Phrase incident

Performance Disruption of Phrase TMS (EU) Project Management component between January 27, 2026, 10 AM UTC and 5:38 PM UTC

Major Resolved View vendor source →

Phrase experienced a major incident on January 27, 2026 affecting Project management, lasting 7h 16m. The incident has been resolved; the full update timeline is below.

Started
Jan 27, 2026, 12:54 PM UTC
Resolved
Jan 27, 2026, 08:11 PM UTC
Duration
7h 16m
Detected by Pingoru
Jan 27, 2026, 12:54 PM UTC

Affected components

Project management

Update timeline

  1. identified Jan 27, 2026, 12:54 PM UTC

    Our engineering team has identified the root cause as an LQA-related issue and is actively working to resolve it. The project creation and configuration pages may be unavailable during this time.

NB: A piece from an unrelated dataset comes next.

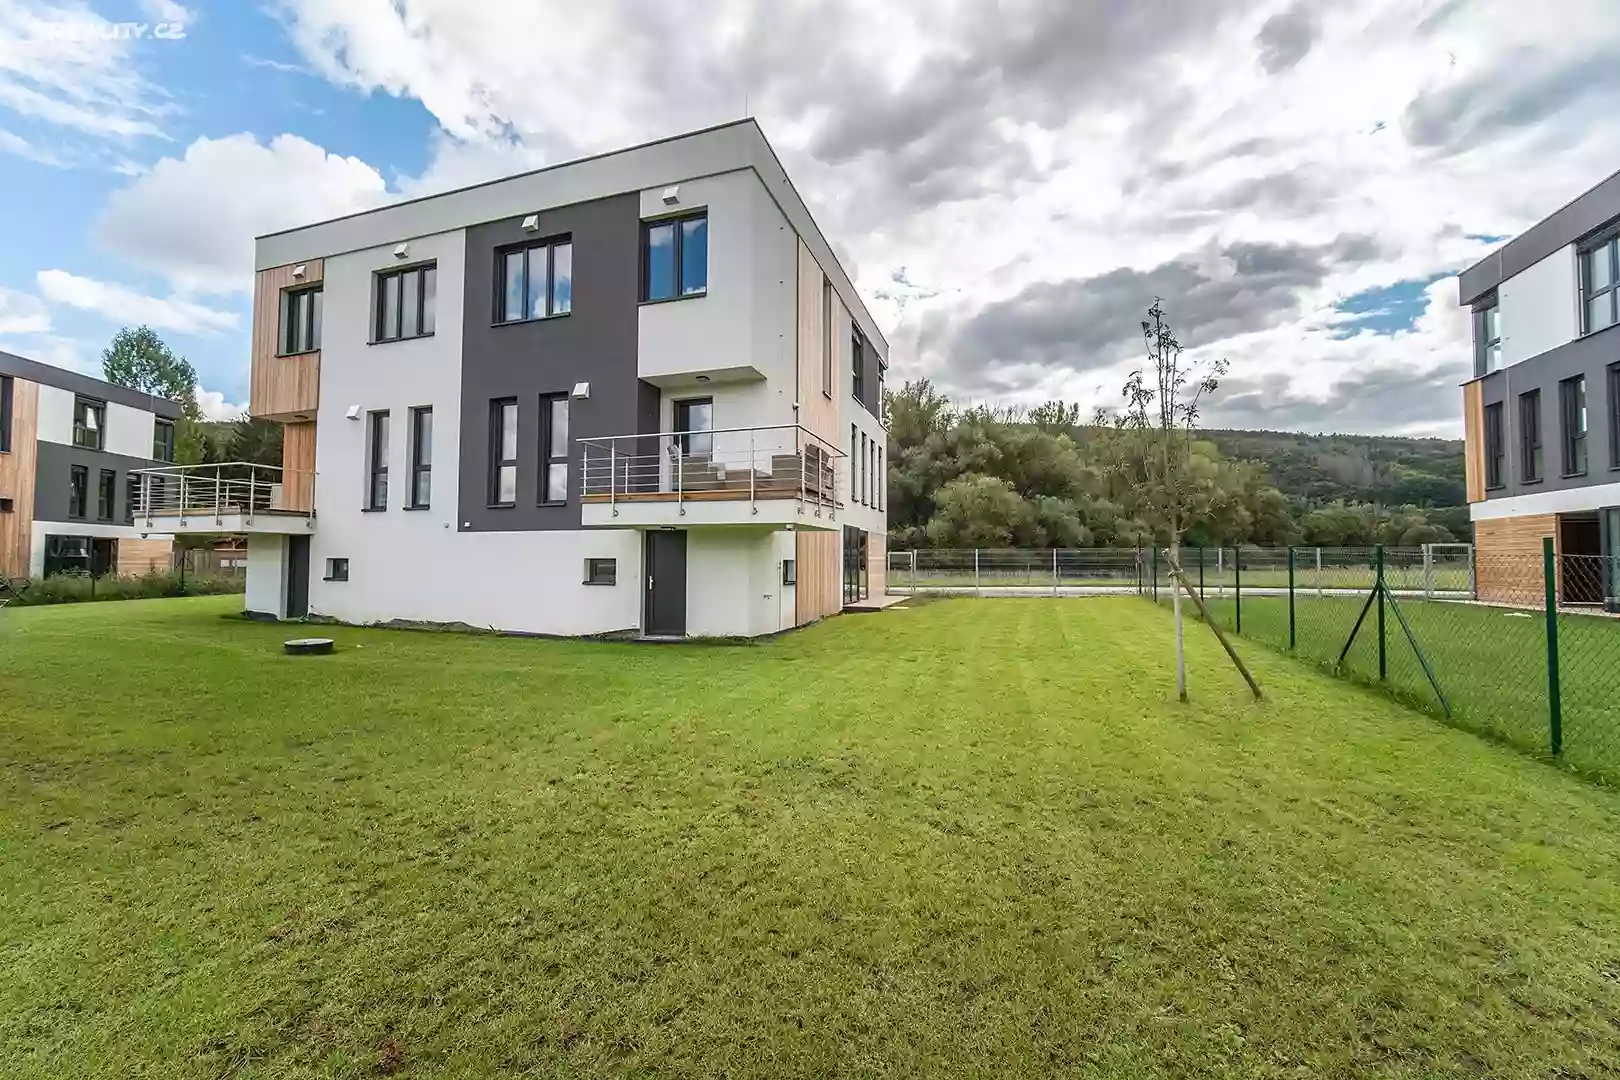 New building 2022: modern 5-room apartment in Rzevnica, Czech Republic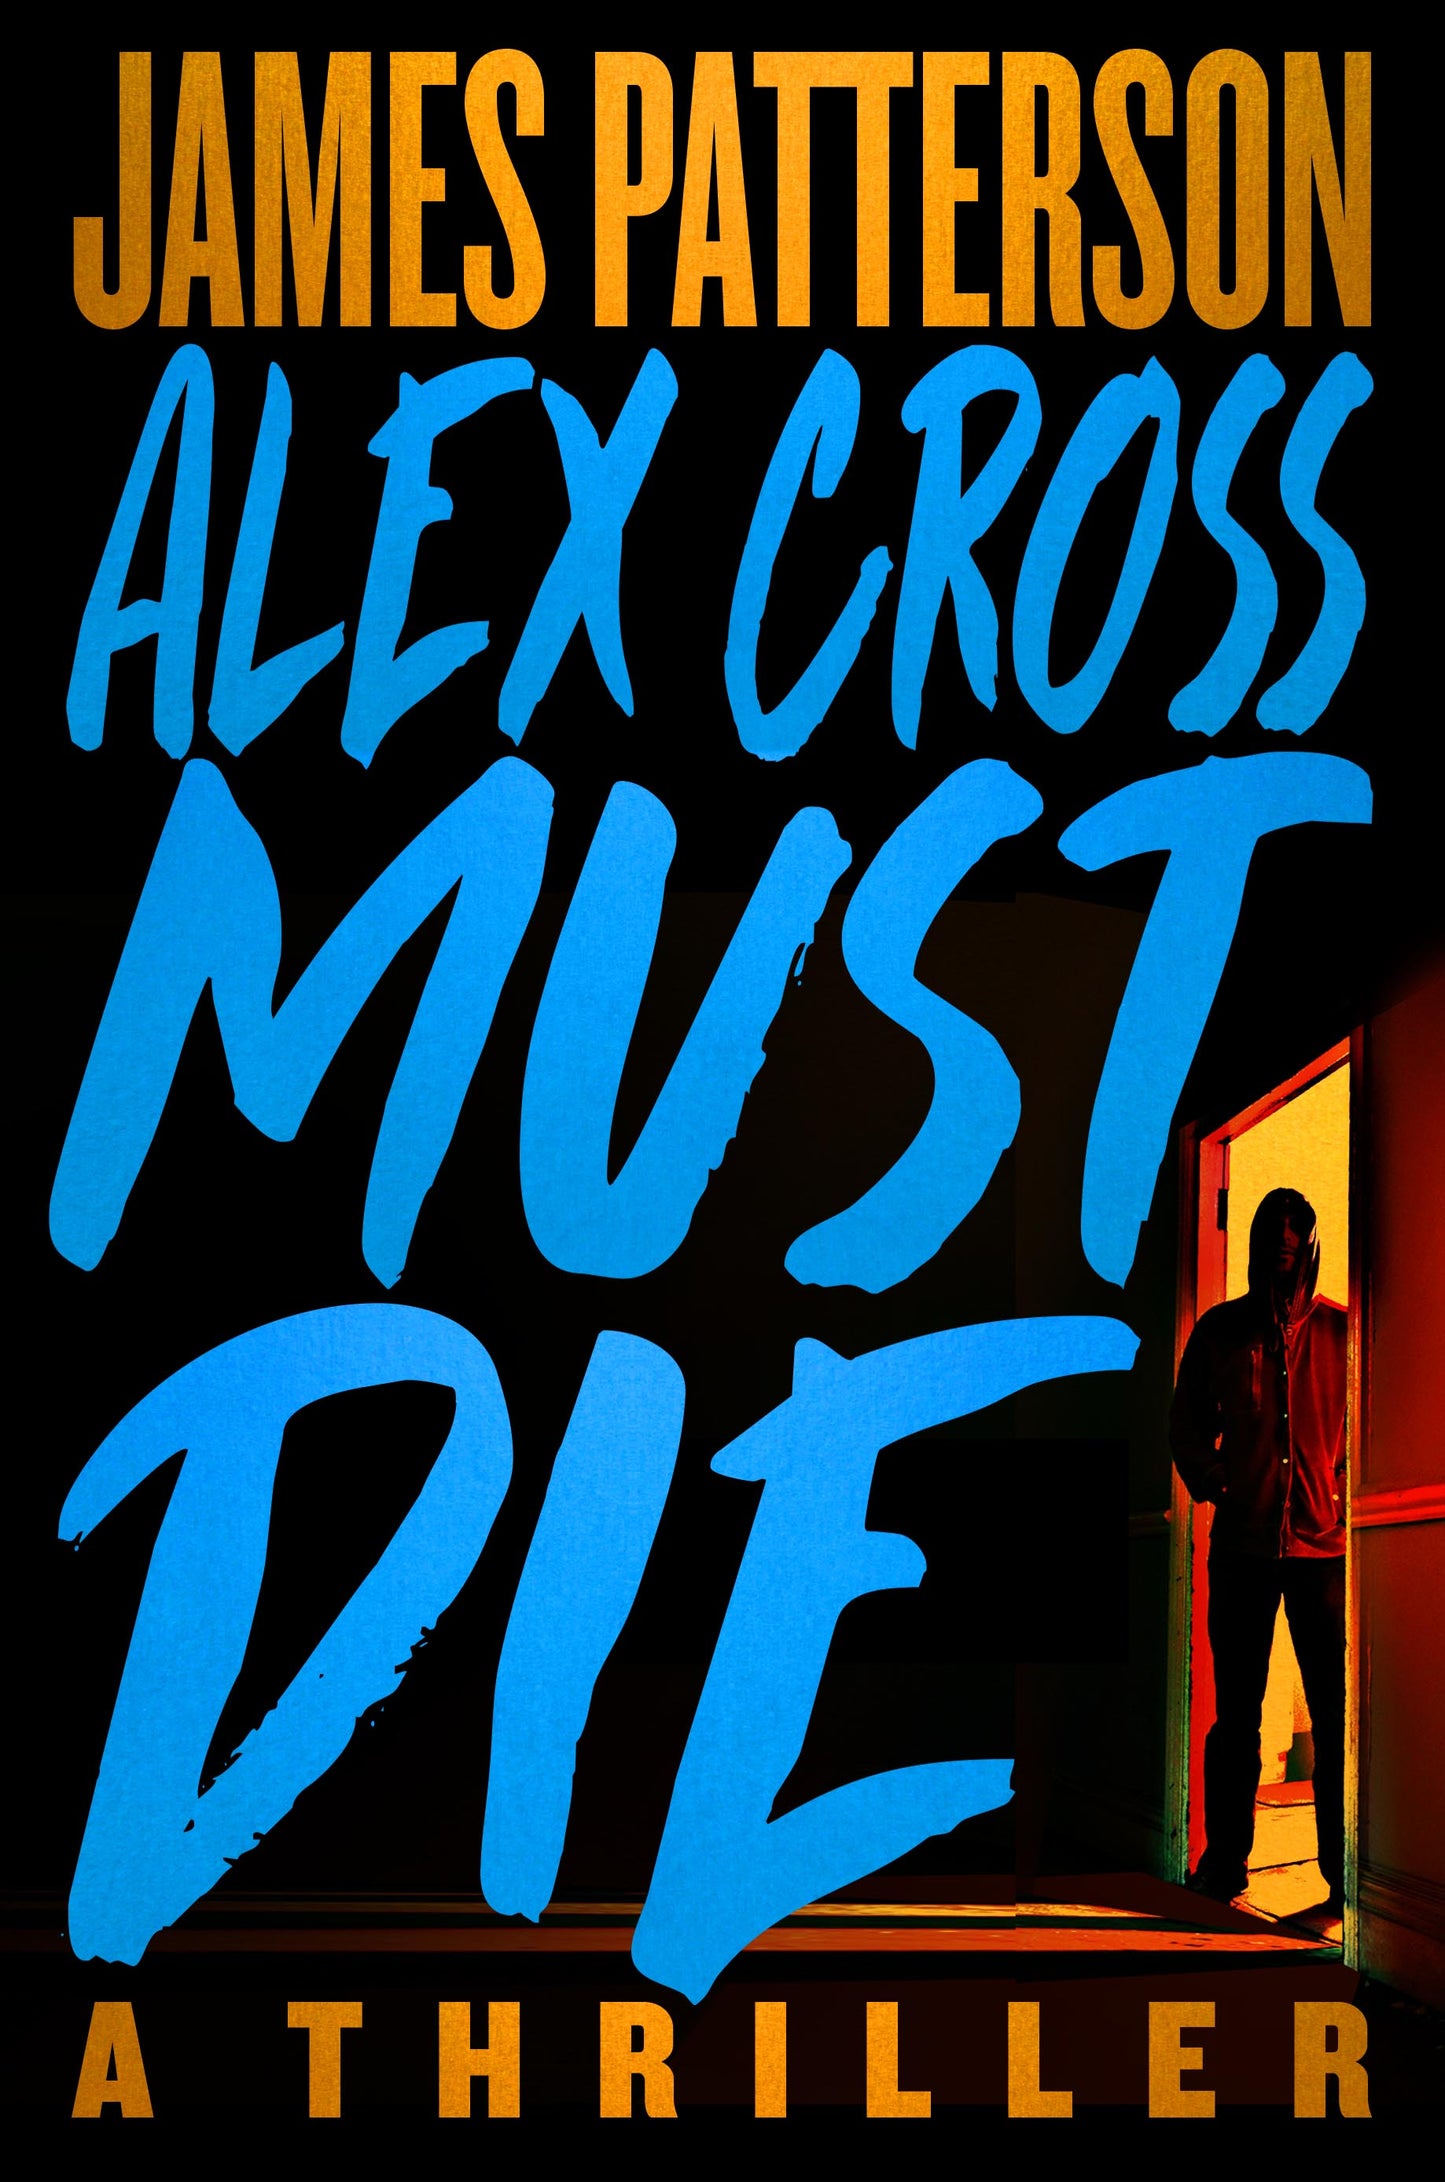 Alex Cross Must Die (Alex Cross #32) by James Patterson

  2. identified Jan 27, 2026, 01:57 PM UTC

    A fix is still under active development by our engineering team.

  3. identified Jan 27, 2026, 02:34 PM UTC

    A fix is still under active development by our engineering team. Project Management component is more stable now.

  4. monitoring Jan 27, 2026, 05:57 PM UTC

    A fix has been implemented. Project management is stable and we are monitoring performance.

  5. resolved Jan 27, 2026, 08:11 PM UTC

    The issue has been fixed. Project management is stable.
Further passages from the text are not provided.